The following procedure codes are to be reported with the respective listed covered ICD-9-CM diagnosis code: (See Coding Guidelines for correct reporting of services) 

HCPCS CODES:

J0585

Botulinum Toxin Type A per unit

31513

Injection into vocal cord

31570

laryngoscopy with injection

31571

laryngoscopy with injection

43243*

Uppr GI endoscopy w/us fn bx

64612

Destroy nerve, face muscle

64613

Destroy nerve, spine muscle

64614

Destroy nerve, extrem musc (01/01/2001)

67345

Destroy nerve of eye muscle

64640*

Injection treatment of nerve

92265

Eye muscle evaluation

95860

Muscle test, one limb

95861

Muscle test, two limbs

95869

Muscle test, thor paraspinal

INDICATIONS AND LIMITATIONS OF COVERAGE AND/OR MEDICAL NECESSITY: 

For dates of service prior to 03/15/1997, refer to Local Medical Review Policy titled "Botox".

Effective with date of service 03/15/1997, the following indications and limitations apply:

Before consideration of coverage may be made, it should be established that the patient(s) has been unresponsive to conventional methods of treatments such as medication, physical therapy and other appropriate methods used to control and/or treat spastic conditions.  

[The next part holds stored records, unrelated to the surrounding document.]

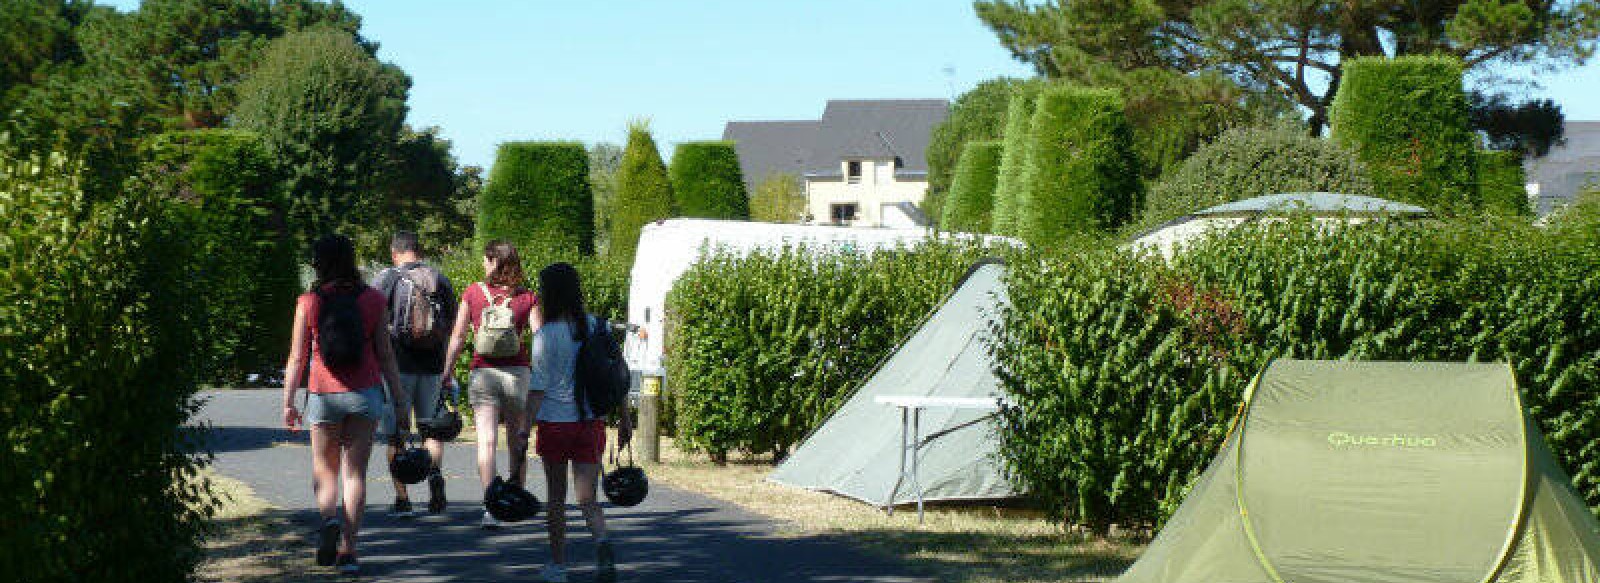 Camping Municipal - Les Mouettes
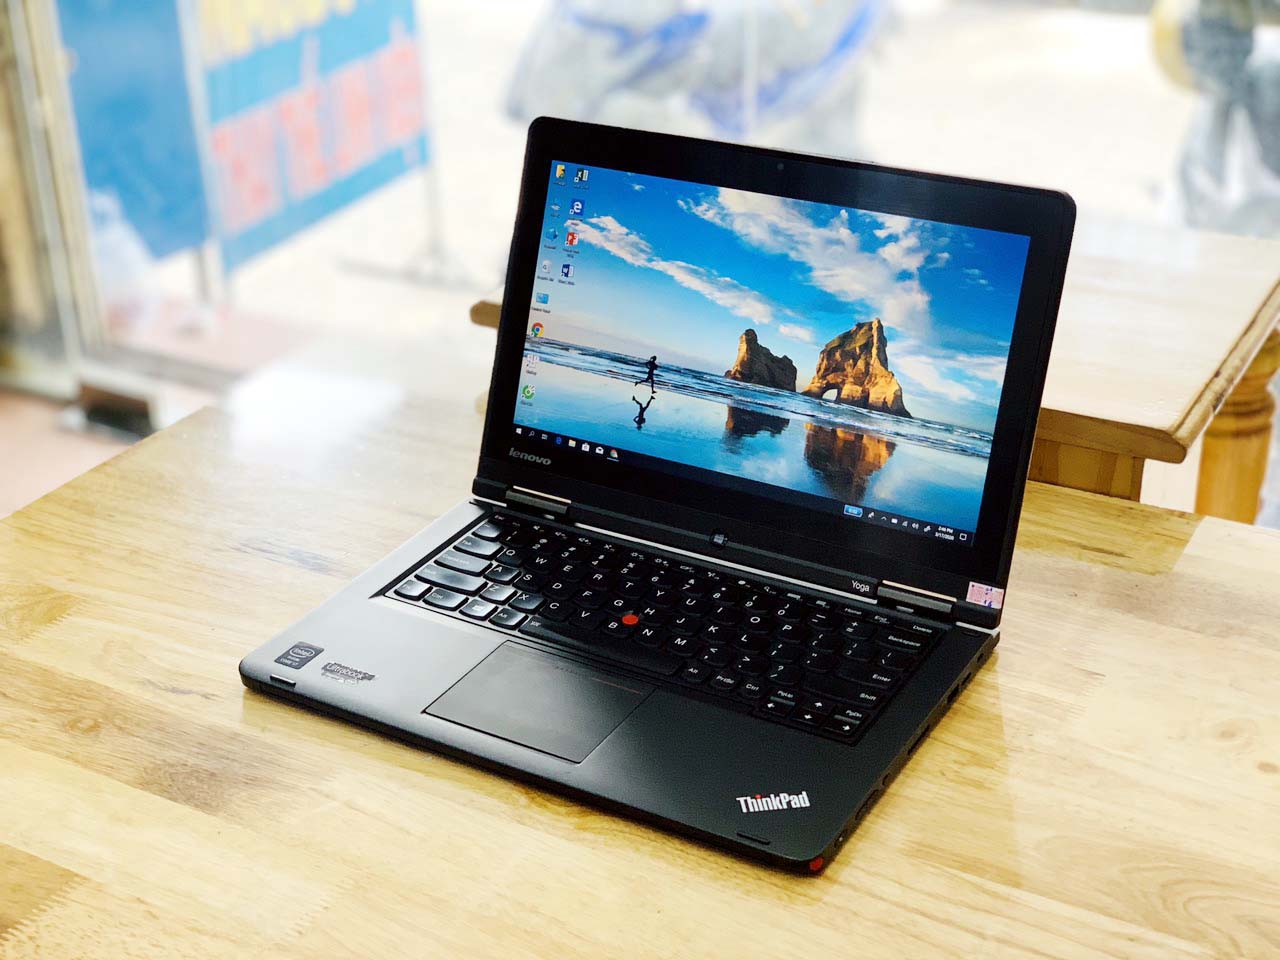 Laptop Lenovo Thinkpad Yoga S1 i7-4500U Ram 8GB SSD 256GB 12.5 inch Full HD Cảm Ứng Xoay 360 Độ
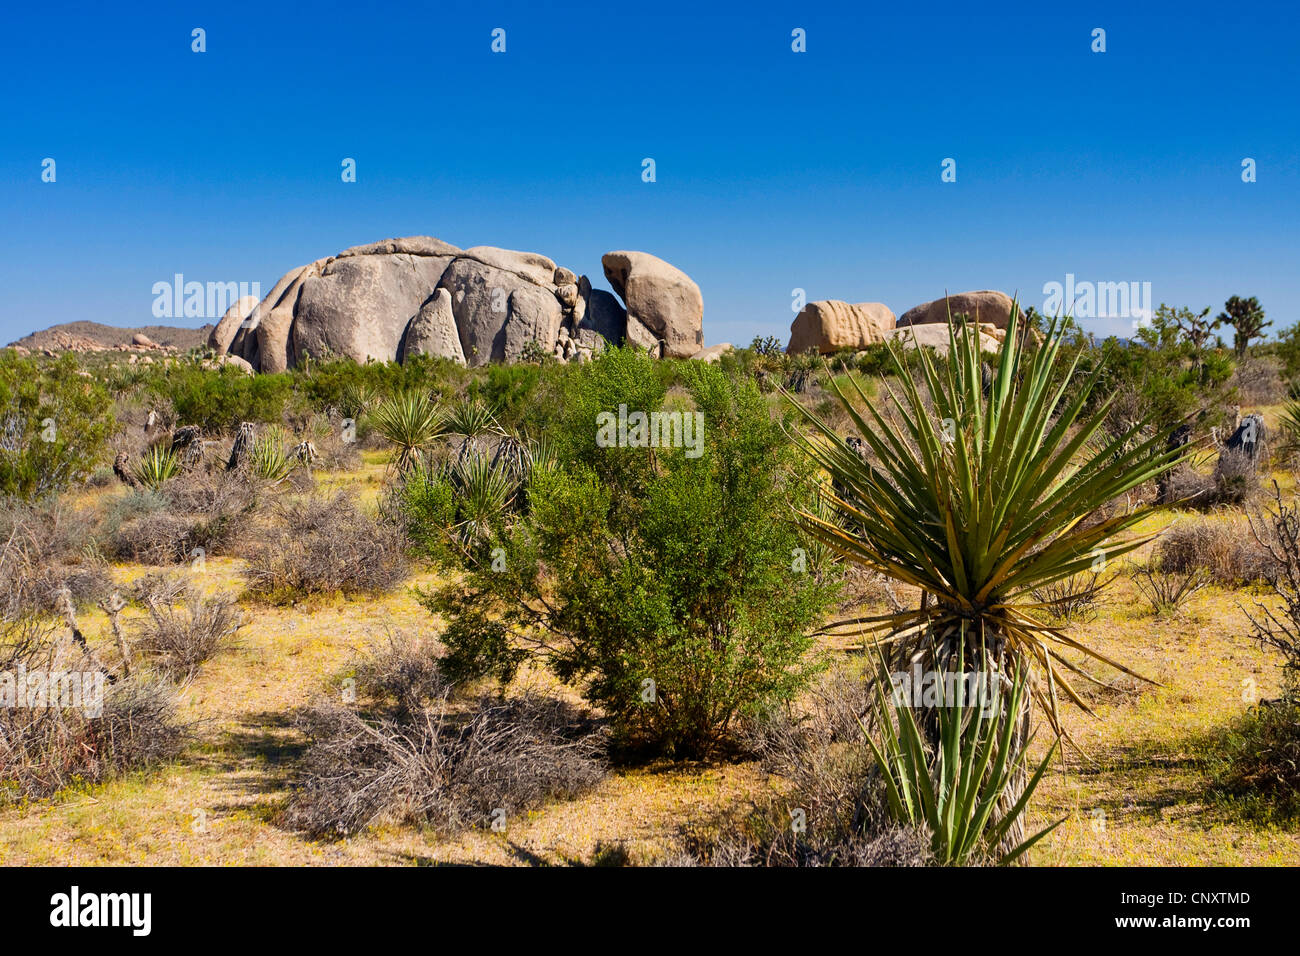 Mohave Yucca (Yucca schidigera), ub bushland, granite rocks in the background, USA, California, Mojave, Joshua Tree National Park Stock Photo

Coverage of Botulinum Toxin Type A for certain spastic conditions (e.g., cerebral palsy, stroke, head trauma, spinal cord injuries, and multiple sclerosis), will be limited to those conditions listed in the Covered ICD-9 section of this policy. All other uses in the treatment of other types of spasm, including smooth muscle types, will be considered as investigational and therefore, non-covered by the carriers.  

Botulinum Toxin Type A can be used to reduce spasticity or excessive muscular contractions to relieve pain; to assist in posturing and walking; to allow better range of motion; to permit better physical therapy; to reduce severe spasm in order to provide adequate perineal hygiene.  

Botox injections can be used to treat limb spasticity. Botox injections encompass different techniques, the number of injections made into each site or muscle, dosage, combinations of muscles injected, etc. Dosage appears to vary from 1-25 units per small muscle (e.g, eye) 50-200 units for medium to larger muscle groups (e.g., deltoid, biceps, quadriceps, hamstrings, etc.).  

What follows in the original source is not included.